Она взобралась на ограду, и спрыгнула вниз. Неподалеку – сквозь поросшую лесом узкую полосу – виднелся крутой склон. Иногда по этой лесистой меже ходили дружинники, проверяя, все ли ладно под самыми ногами Государя. А Яльке вовсе не улыбалось столкнуться с ними нос к носу. Светало. Пиная лесной мусор, она брела, прочь от подворья боярина Оброна подальше от главной улицы Вышгорода. Все, вроде, складывалось удачно: кат их выручил, Хранивой не сердится, и бабулю отпустит, Таймир невестой не обзавелся. Но на душе скреблись кошки. Ялька чутко вслушивалась в окрестности, косилась на мелькающие меж деревьев стены боярских подворий и тревожилась все больше. Вот эти невнятные человечьи тревоги она терпеть не могла. То ли дело у зверя: коли есть опасность, то она опасность, и ты знаешь, что с ней делать. А люди вечно страшатся того, что еще не случилось, а может, и вовсе не случится. Но, они об этом знают, а значит, оно почти точно случится, потому, что оно просто есть где-то на свете.
На этот раз оно и вправду было. Ялька почуяла их издалека. А потому обернулась рысью и полезла на дерево переждать, покуда не пройдут мимо. Но тут ее порадовал Таймир – Ялька обернулась туда, откуда притащилась, и рыкнула сквозь стиснутые зубы: дурачина проклятый! Ну, чего его потащило в эту сторону? Почему он не пошел домой нормальной улицей? А теперь нате вам, пожалуйста: лезет прямиком в руки бессовестного городского ворья, да еще и в одиночку. Уж эти-то его любят, почитай, взасос. А уж как обрадуются, встретив в этой глуши ненавистного державника! Деда, конечно, считает его видным воином. Да и Юган отзывается о Таймире лестно. Но в одиночку да среди деревьев, из-за которых может прилететь нож, а то и стрела – как есть дурило стоеросовое! Теперь ее тревога обзавелась названием, и Яльке слегка полегчало. Она прилегла на толстой ветке, следя, как с одной стороны к ее дереву тащатся пятеро наглых ушлепков, невесть чего позабывших тут поутру. А с другой легкой упругой походкой поспешает полусотник Тайной управы. Он тоже их услыхал, но отчего-то не убрался с дороги. Не побежал обратно – он бы с легкостью от них удрал. Как можно быть таким остолопом? А все их поганая человечья гордость: это когда паршивая мышь вдруг начинает мнить себя кабаном. Любой нормальный зверь не станет связываться со стаей других зверей – он же не тупой.

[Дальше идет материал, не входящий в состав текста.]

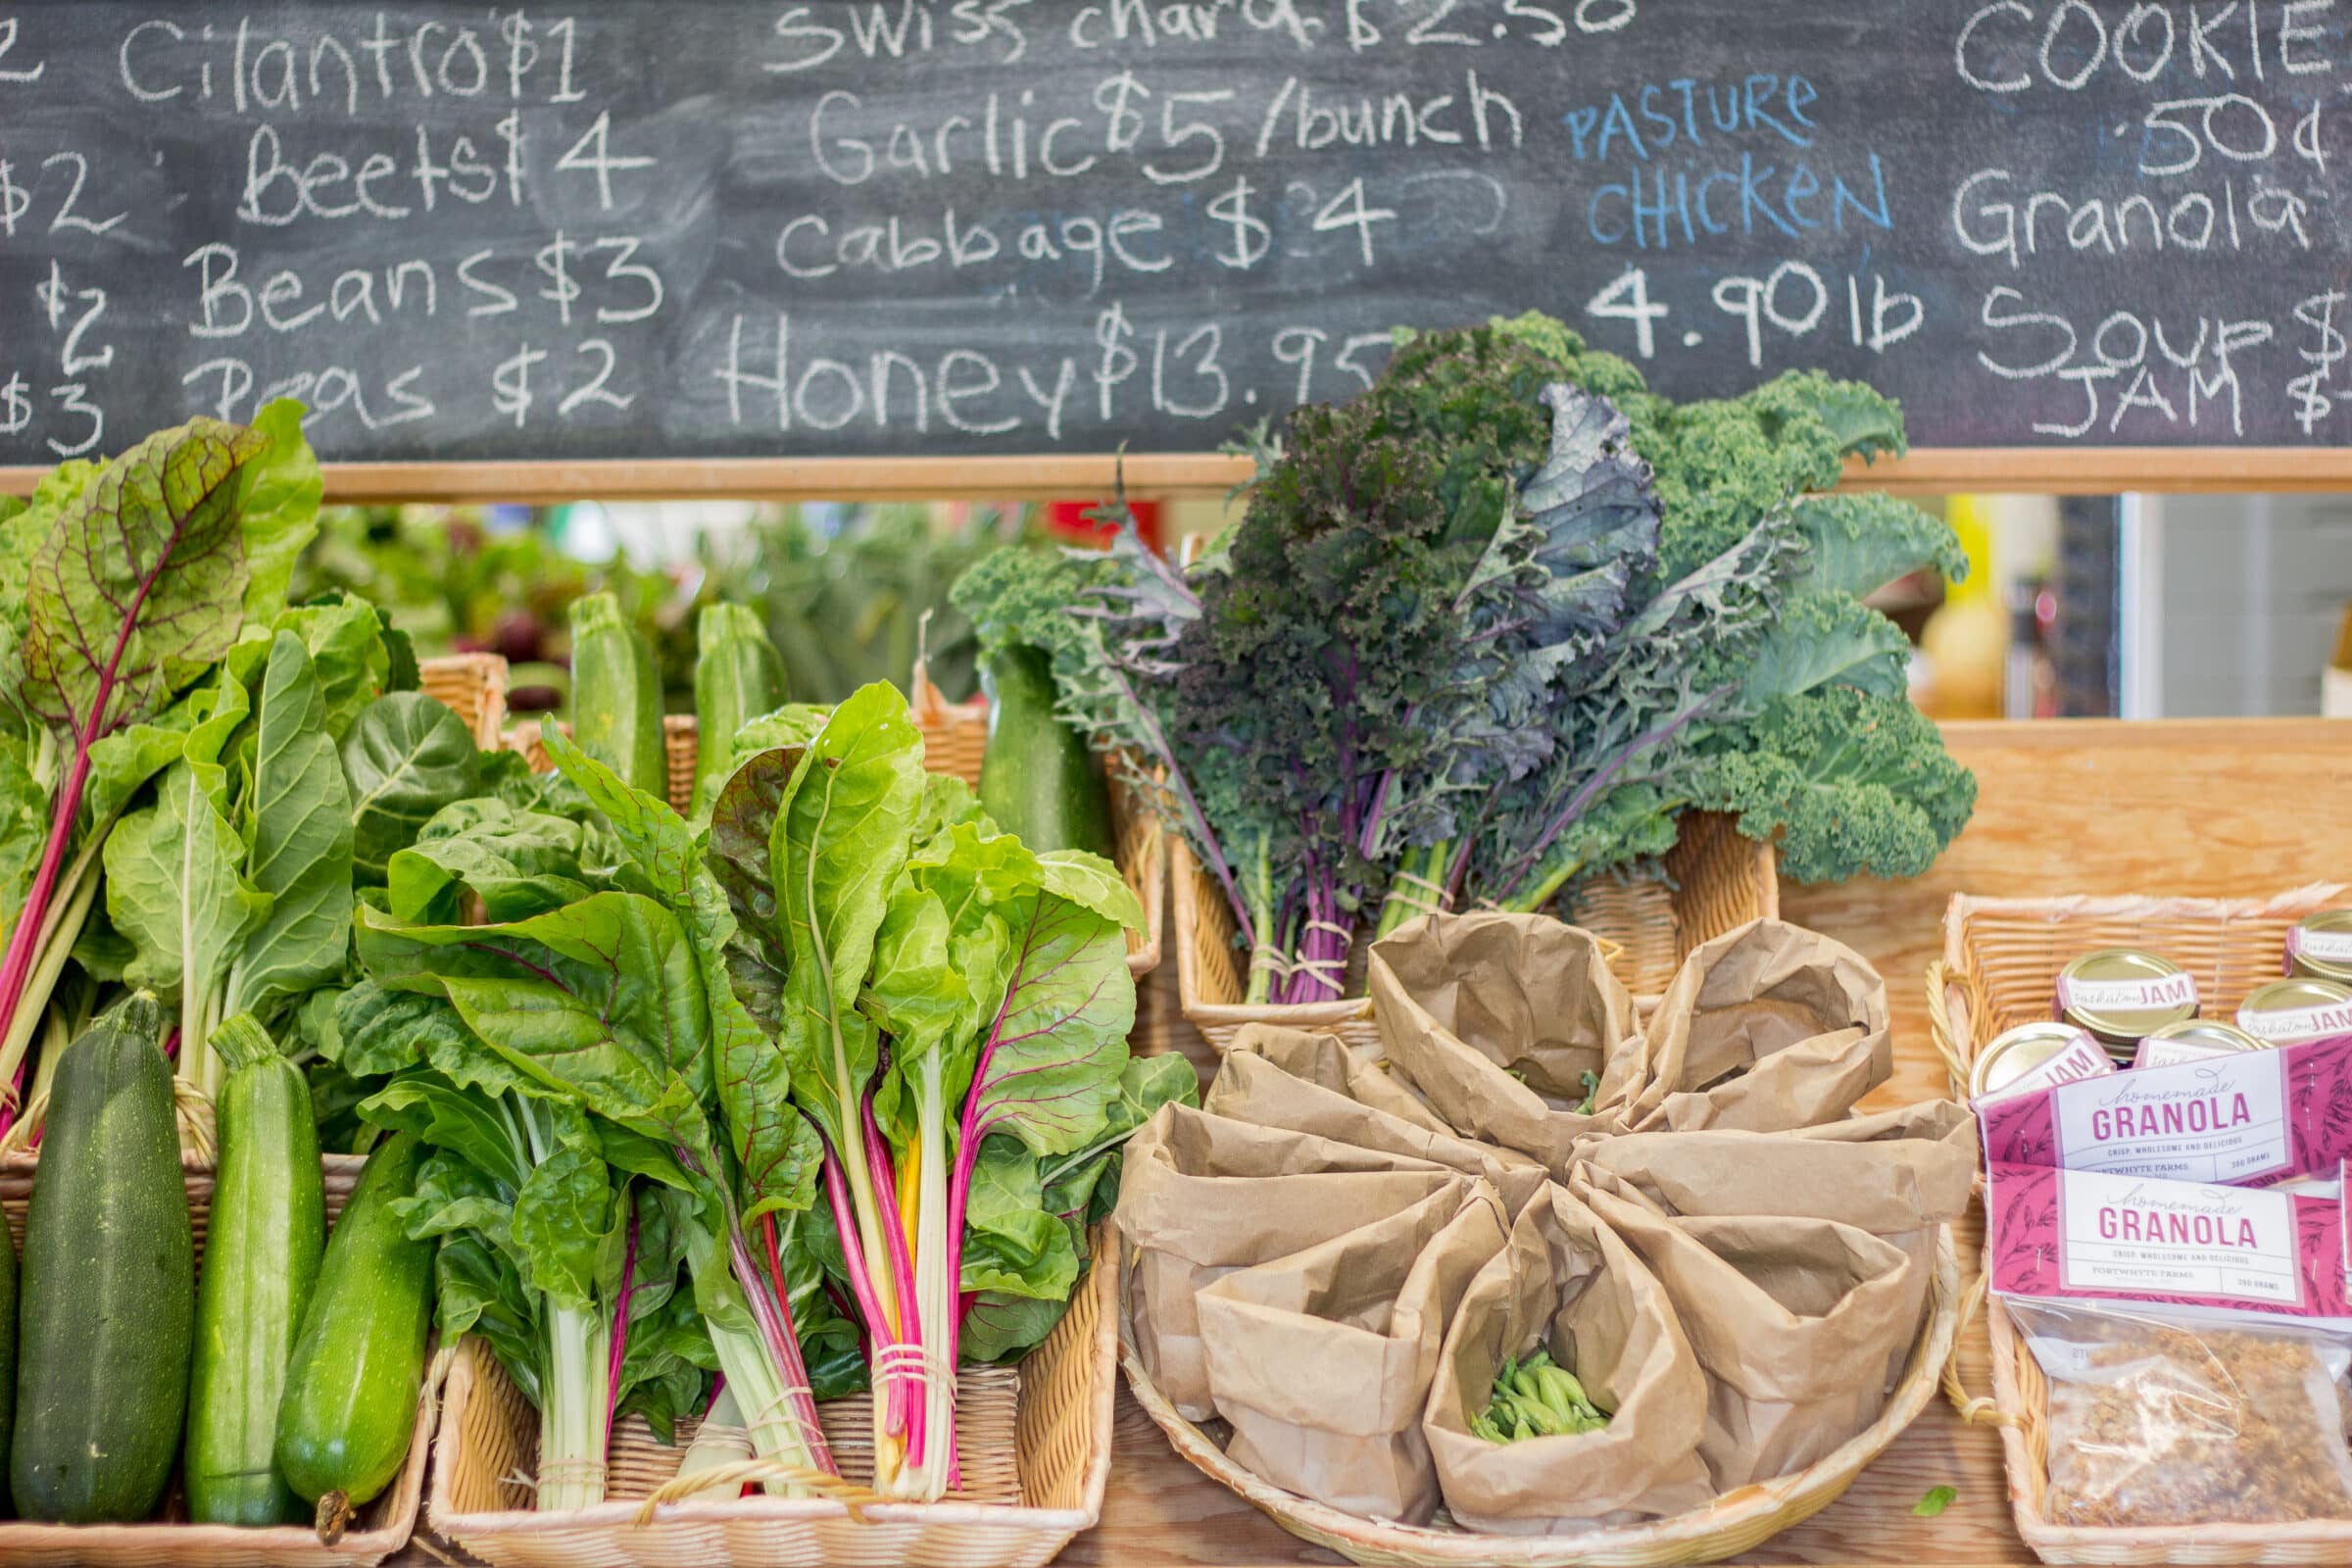 Assortment of green vegetables in baskets in front of chalkboard with price list.

Воры миновали ее раньше, и Яльке пришлось спрыгнуть вниз, чтоб подобраться поближе к незабываемой встрече. Пять подзаборных чушек столкнулись нос к носу с одним державным чурбаном! И ворье, понятно, оглядевшись, принялось задирать державника, по-тихому обходя его кругом.
– Ты гля, чего у нас тут ползает? – обрадовался Тыря, которого Ялька преотлично знала.
Пожалуй, насчет подзаборной чушки – это она погорячилась. Тыря прослыл ловким вором, и умом, как говаривал дед, обижен не был. Тут бы Ялька с ним поспорила: был бы умным, не стал бы связываться с такой безжалостной и бессердечной тварью, как полусотник. Пусть их пятеро, но ясно же: Таймир в одиночку подыхать не станет. Обязательно утащит кого-то за собой в этот их подземный мир умрунов – глянуть бы на него хотя бы одним глазком. Уж чего только про него не плетут, а вот Ялька думает, что брехня все это и бабьи сказки.
– Батюшка державничек! – изгалялся Тыря, поигрывая длинным воровским ножом с острым чуть изгибающимся кверху концом лезвия. – И чего ж это тебе не спится-то? Чего ж ты все шаришь по закоулкам, ровно пес? Кого вынюхиваешь, падаль?
– Тебя, – преспокойно обрадовал его Таймир, вытягивая сразу оба меча: с левого бока да из-за спины.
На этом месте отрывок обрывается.